Many full-service brokerage firms have a minimum requirement to begin investing with them. This tends to alienate investors who are just getting started. Many of these big firms claim that the big bucks investors pay them goes towards their “superior” research processes. However, with the growth of the Internet the vast majority of this information is easily accessible online. Occasionally full-service brokerage firms will offer Initial Public Offerings (IPO’s), but IPO’s aren’t as big as they once were.
A final thing to keep in mind about full-service brokers is that they offer a limited selection of mutual funds. Brokers at full-service firms tend to offer in-house funds or funds that their firm has selling agreements with. If you want to buy a mutual fund that the firm doesn’t have an agreement with, you cannot do it through them.
Tom and Brendan move on to the other side of the discount brokers vs full service brokers debate next.

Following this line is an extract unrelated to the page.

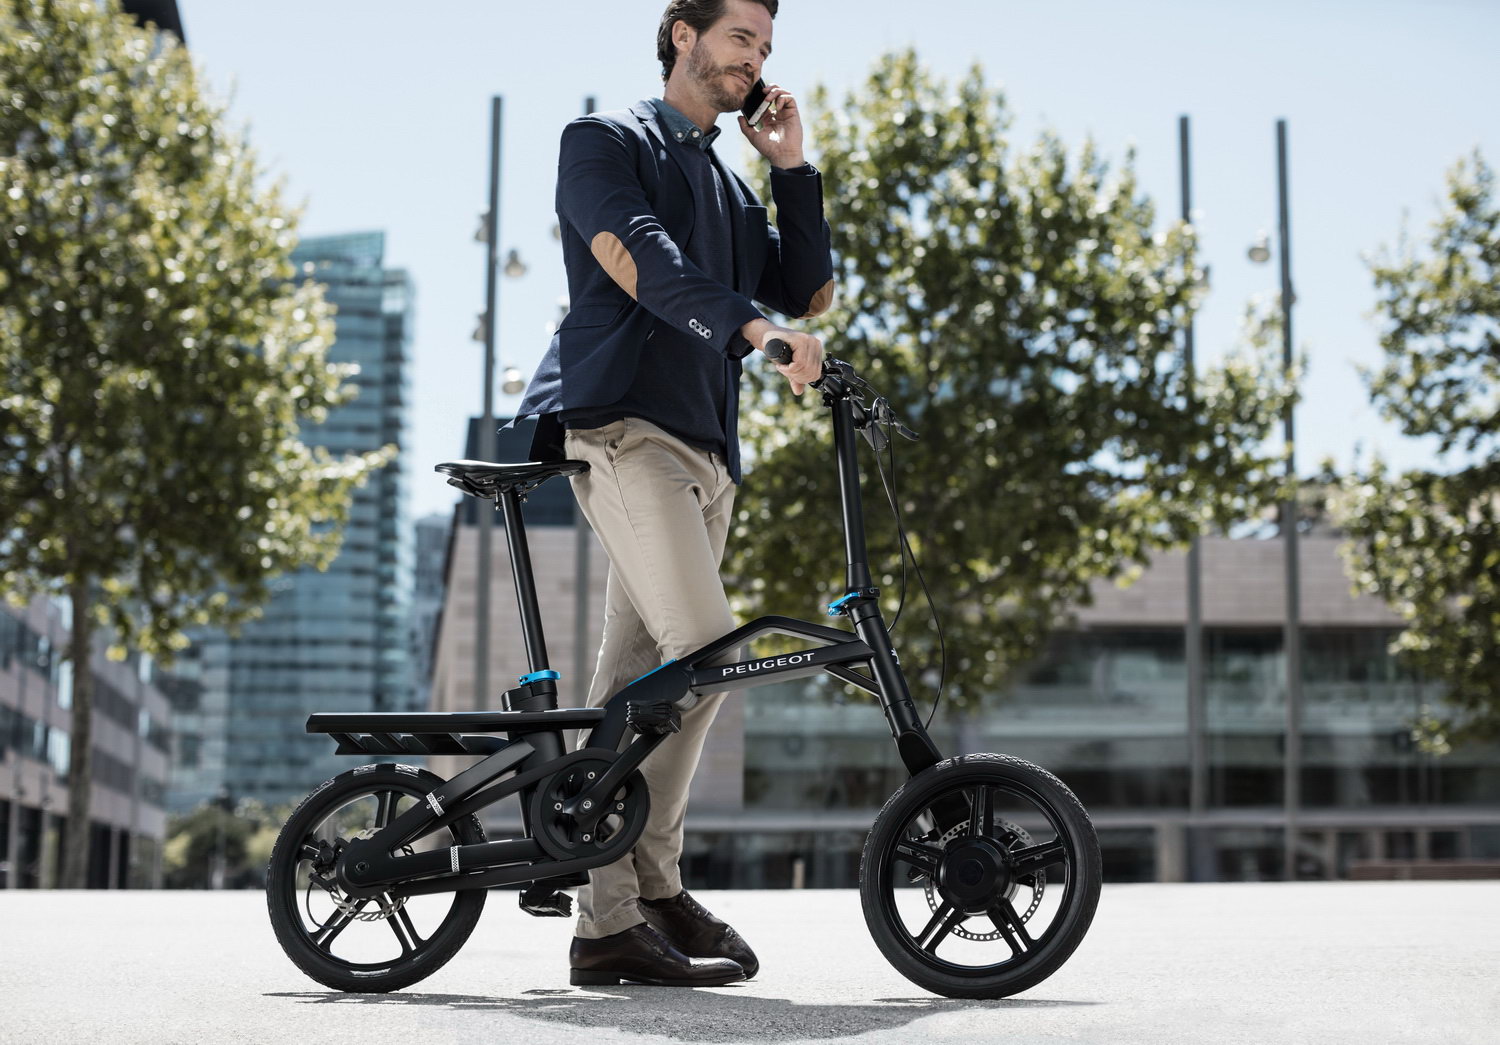 Peugeot dévoile ses nouveaux vélos électriques au design futuriste affirmé !
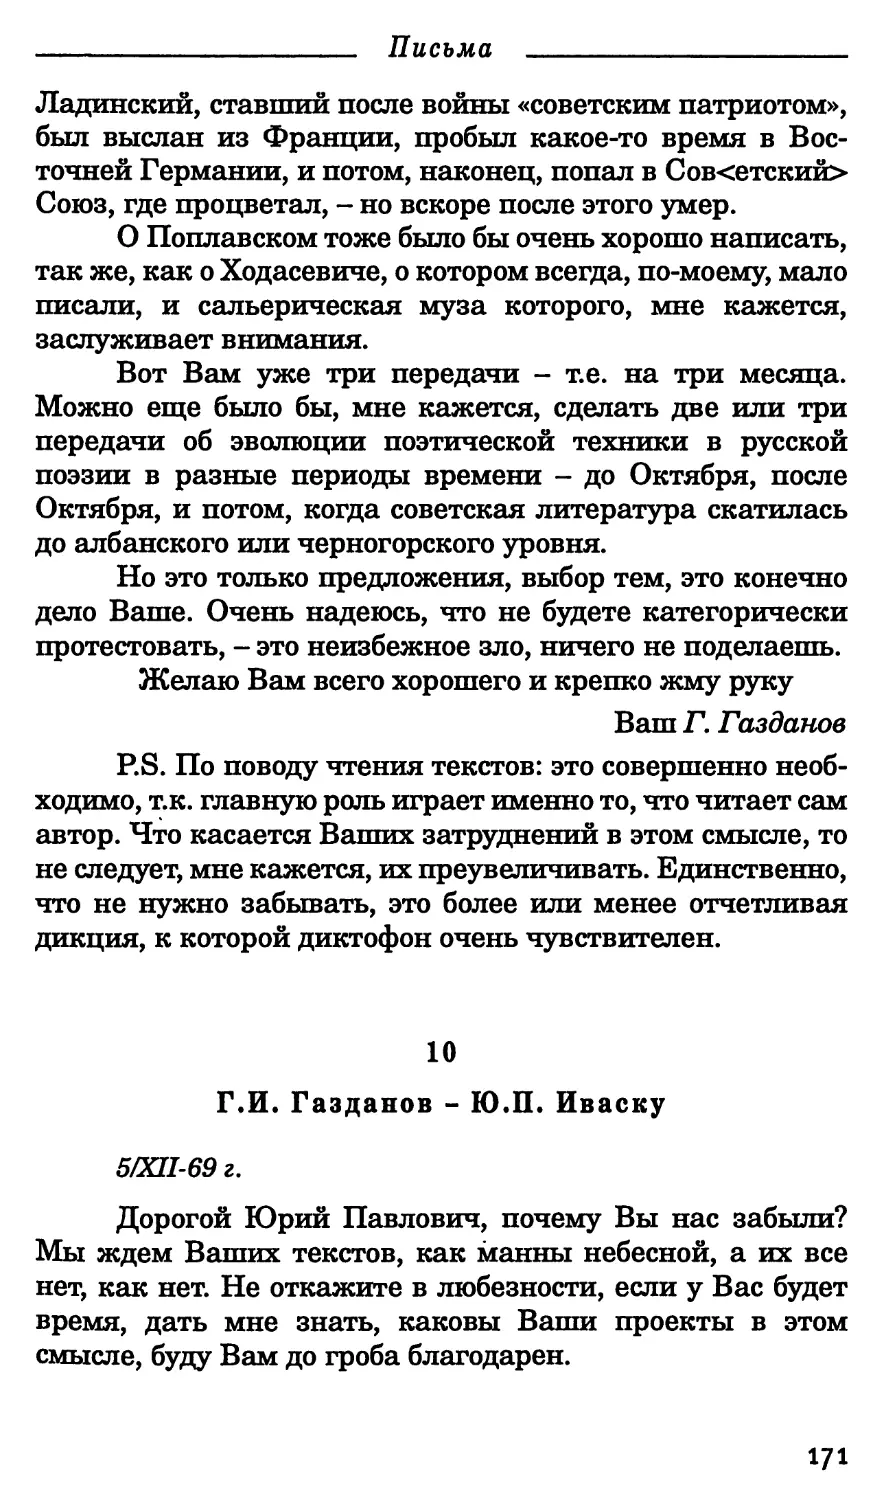 10. Г.И. Газданов - Ю.П. Иваску. 5 декабря 1969 г.

When you invest through a discount brokerage firm you can expect heavily discounted commissions. Commissions on trades can be as low as $10. Bear in mind that discount brokerage firms expect either you or your investment advisor to be making the trades online. If somebody has to call Charles Schwab or TD Ameritrade for example, commissions become more expensive. Even if you call into the discount broker, the cost will still only be around $40.
Discount brokers offer service oriented items for free. Service oriented items include having an IRA and getting a checkbook for your account. There are no minimums required to invest through a discount broker. Investors can find plenty of valuable information and research through discount firms as well. They provide you with the tools to focus on what is important to you and your investments. Discount brokers also do not place any limitations on the investments you want to buy or sell.
As you can see, there are a considerable amount of differences that exist in this debate. Hopefully this post and podcast helped clear up the discount brokers vs full-service brokers discussion for you.